Required action
Give the data below again exactly as written, without its pictures.

Dataset content

+---+

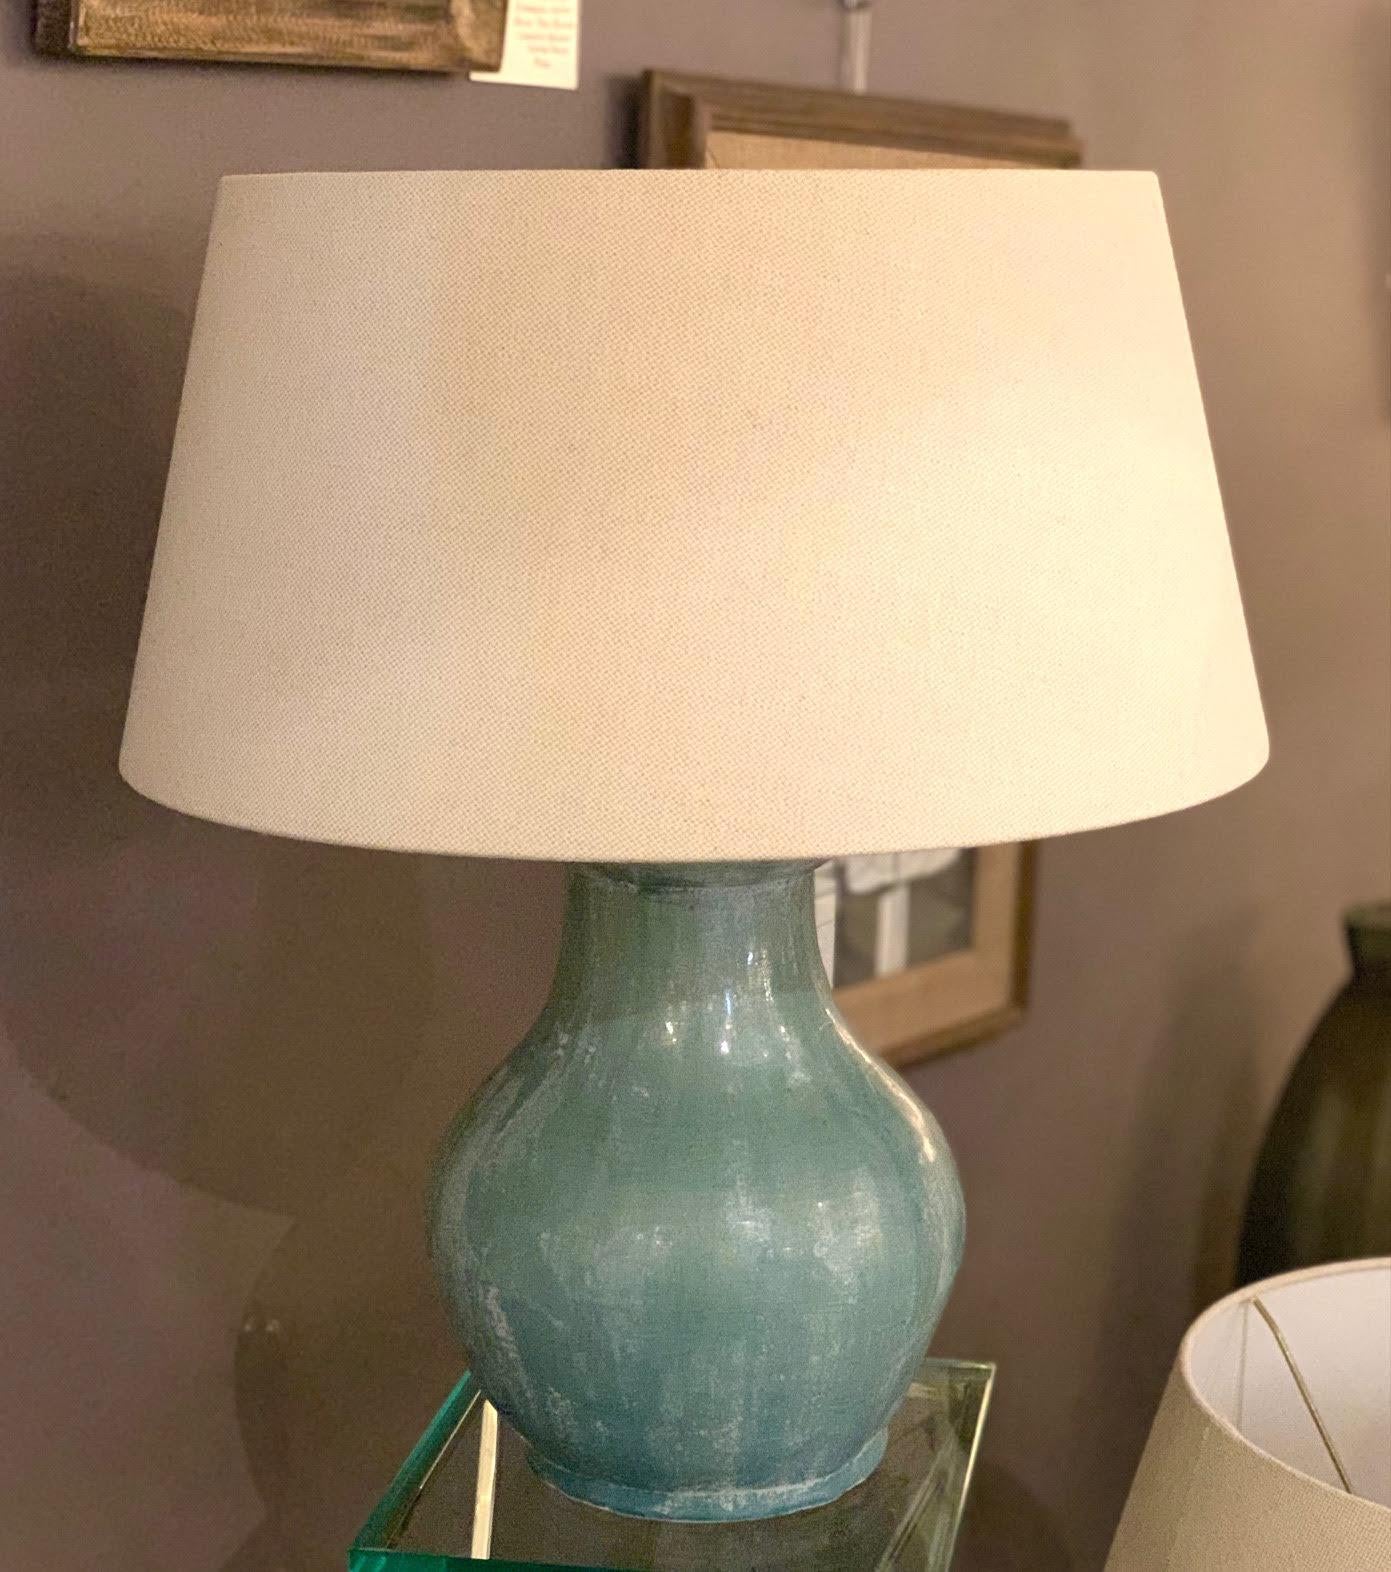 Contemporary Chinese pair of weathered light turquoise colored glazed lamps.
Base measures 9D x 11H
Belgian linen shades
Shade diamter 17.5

+---+

Result for this task
 Contemporary Chinese pair of weathered light turquoise colored glazed lamps.
Base measures 9D x 11H
Belgian linen shades
Shade diamter 17.5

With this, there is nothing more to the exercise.